Work order.
An exact copy of the data is required, with no pictures in it.

Given material.
== Segment start ==

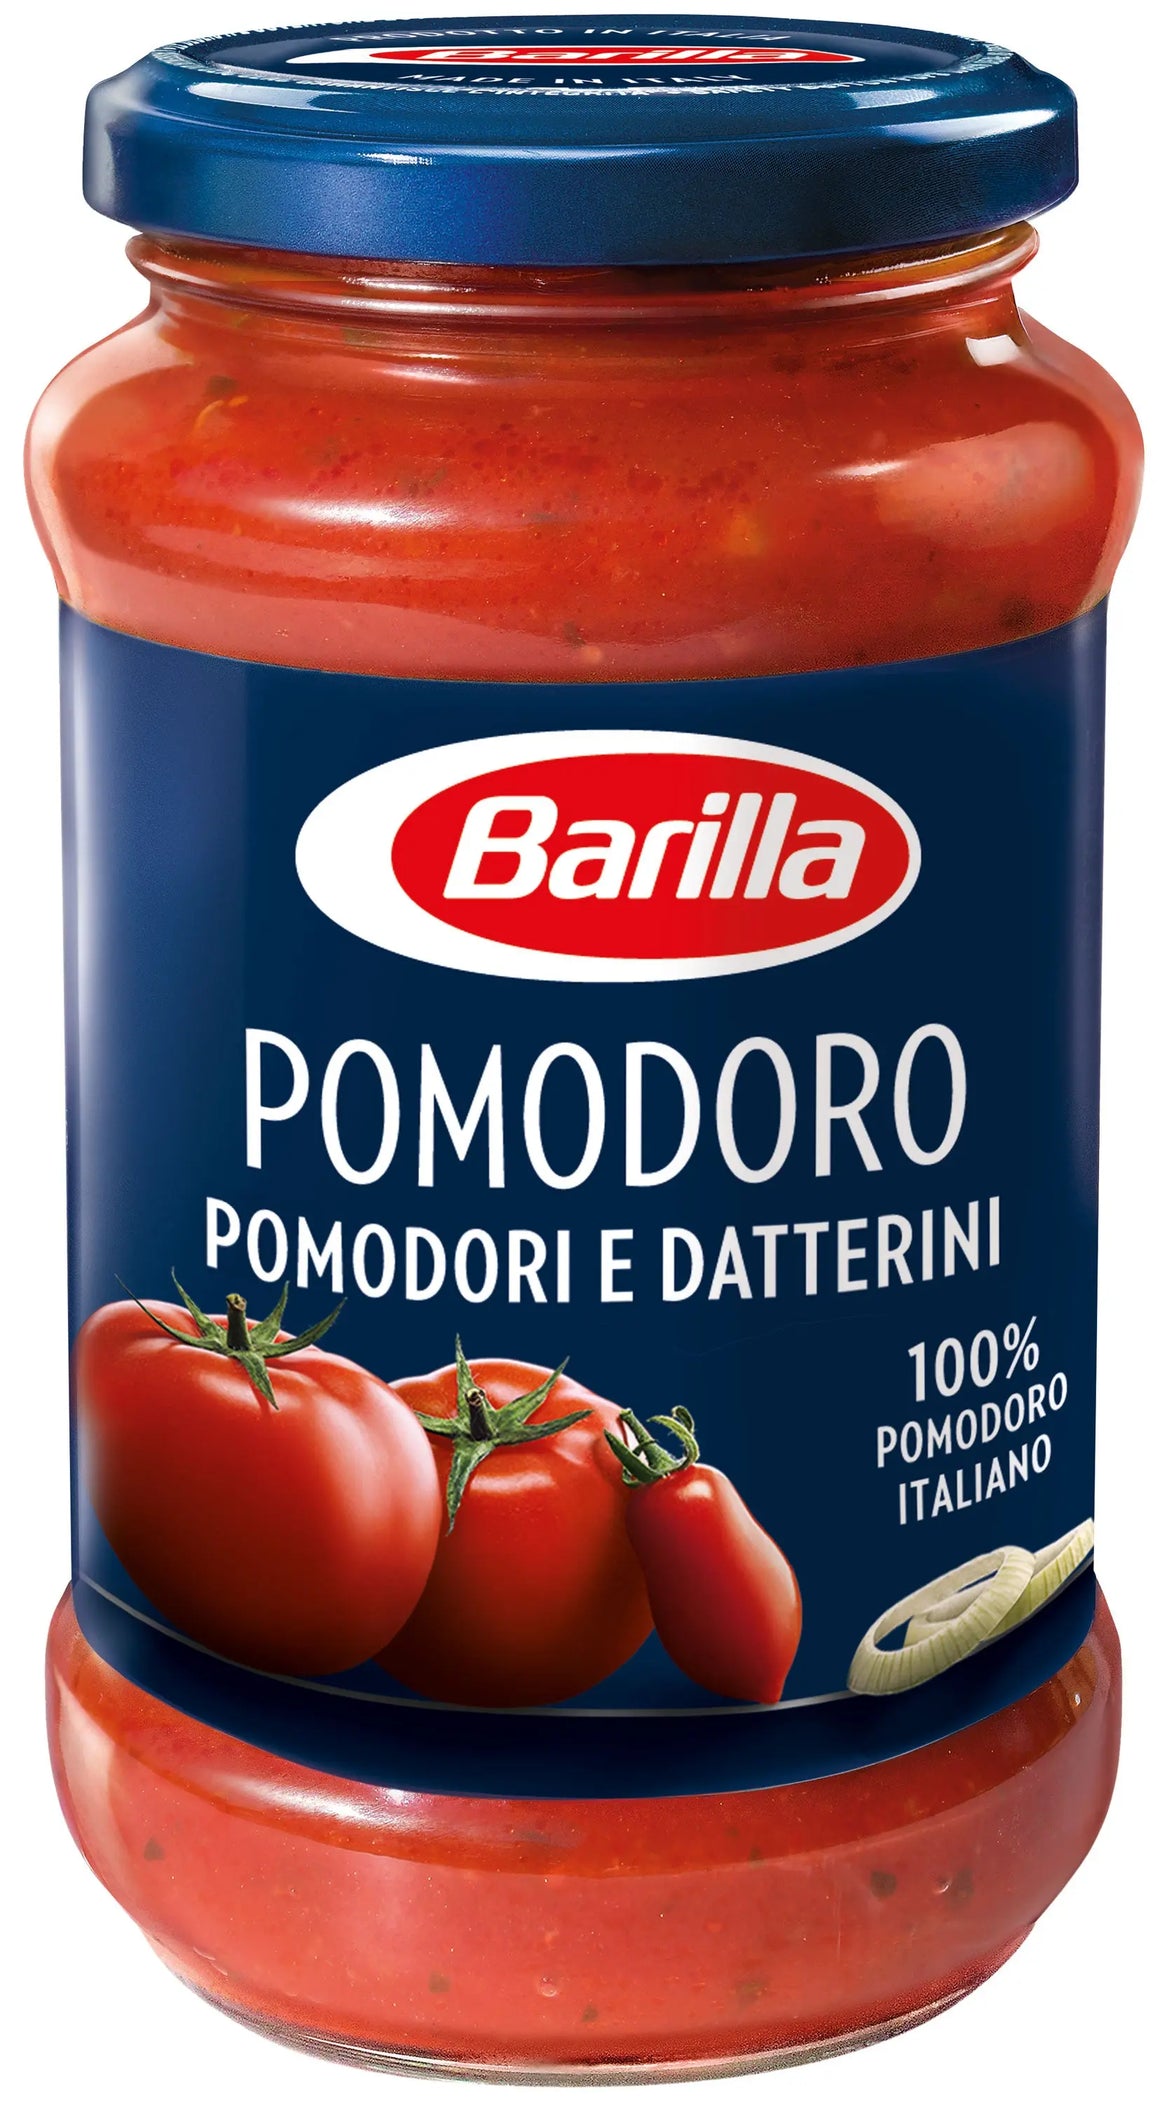 Barilla Pomodoro Tomato Pasta Sauce with Italian Tomato 400g Barilla
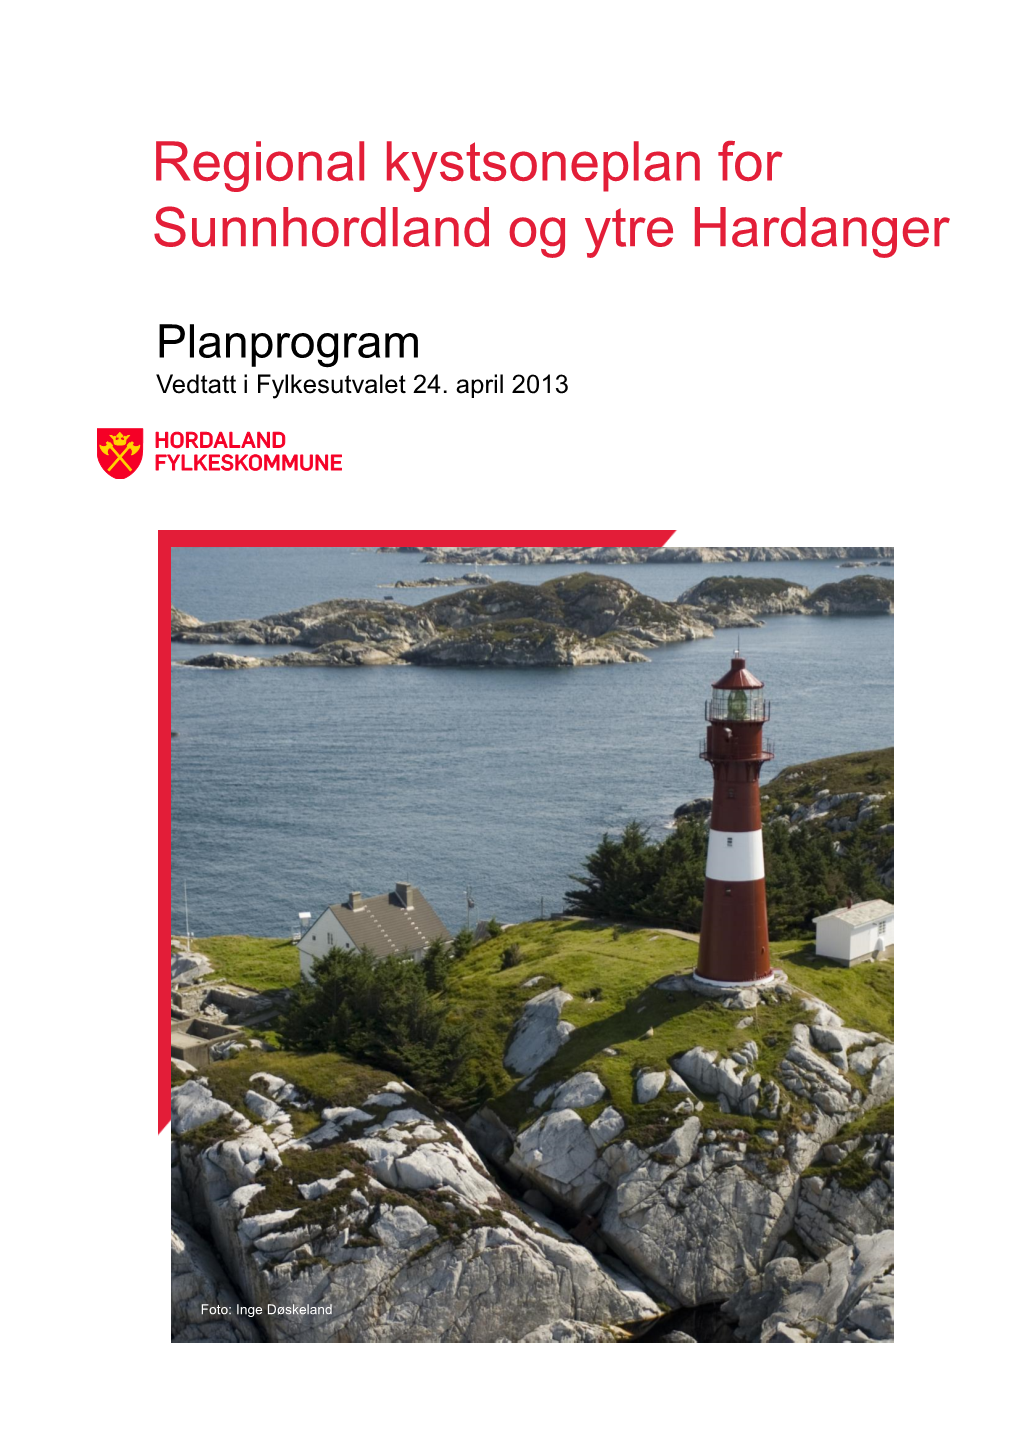 Regional Kystsoneplan for Sunnhordland Og Ytre Hardanger
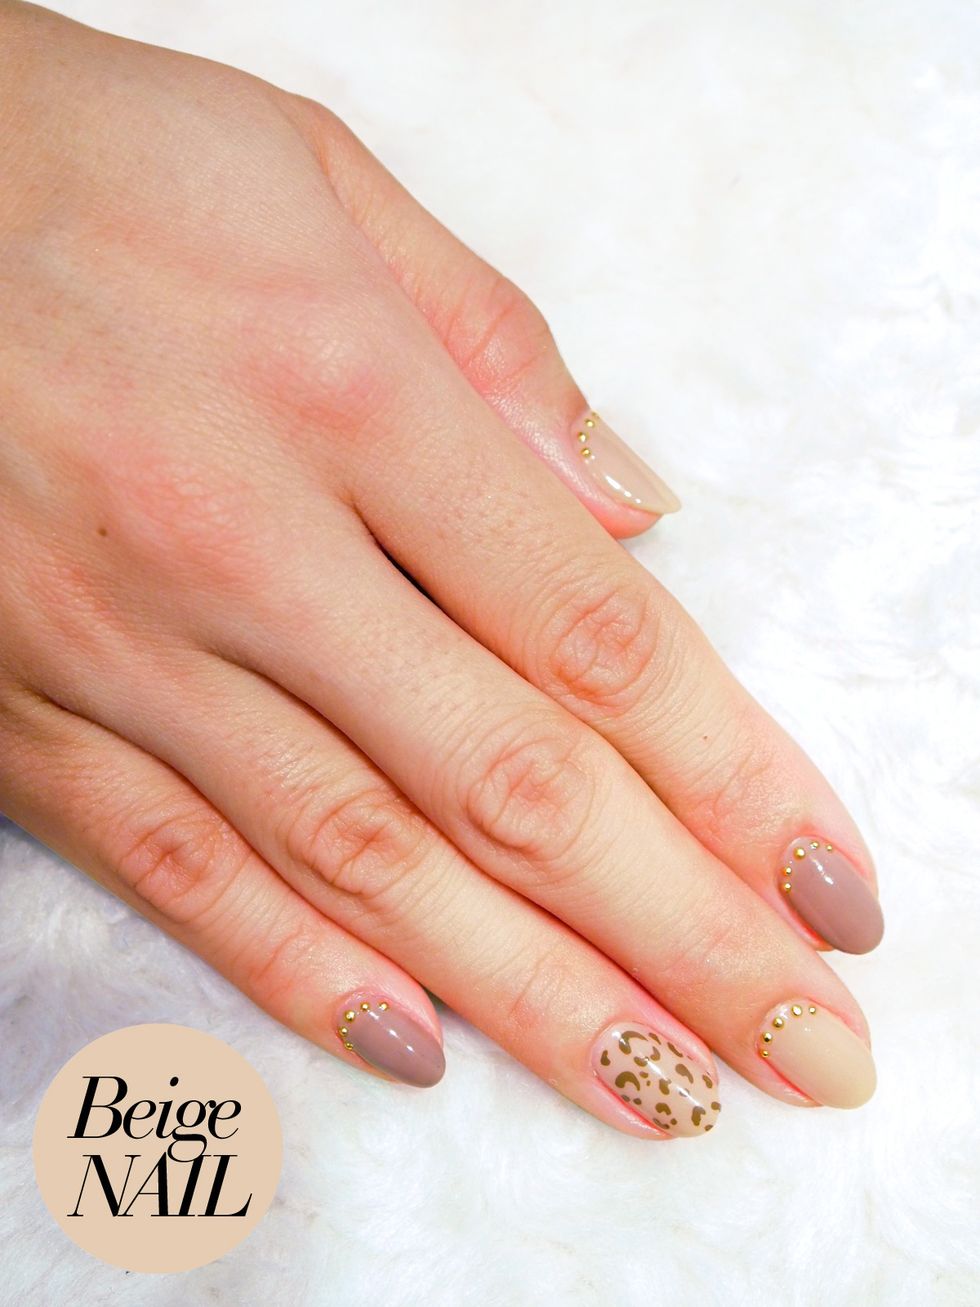 Finger, Skin, Nail, Nail care, Manicure, Nail polish, Photography, Cosmetics, Close-up, Silver,

== Segment end ==

Reply to the task.
 Barilla Pomodoro Tomato Pasta Sauce with Italian Tomato 400g Barilla
 Regional Kystsoneplan for Sunnhordland Og Ytre Hardanger
 Finger, Skin, Nail, Nail care, Manicure, Nail polish, Photography, Cosmetics, Close-up, Silver,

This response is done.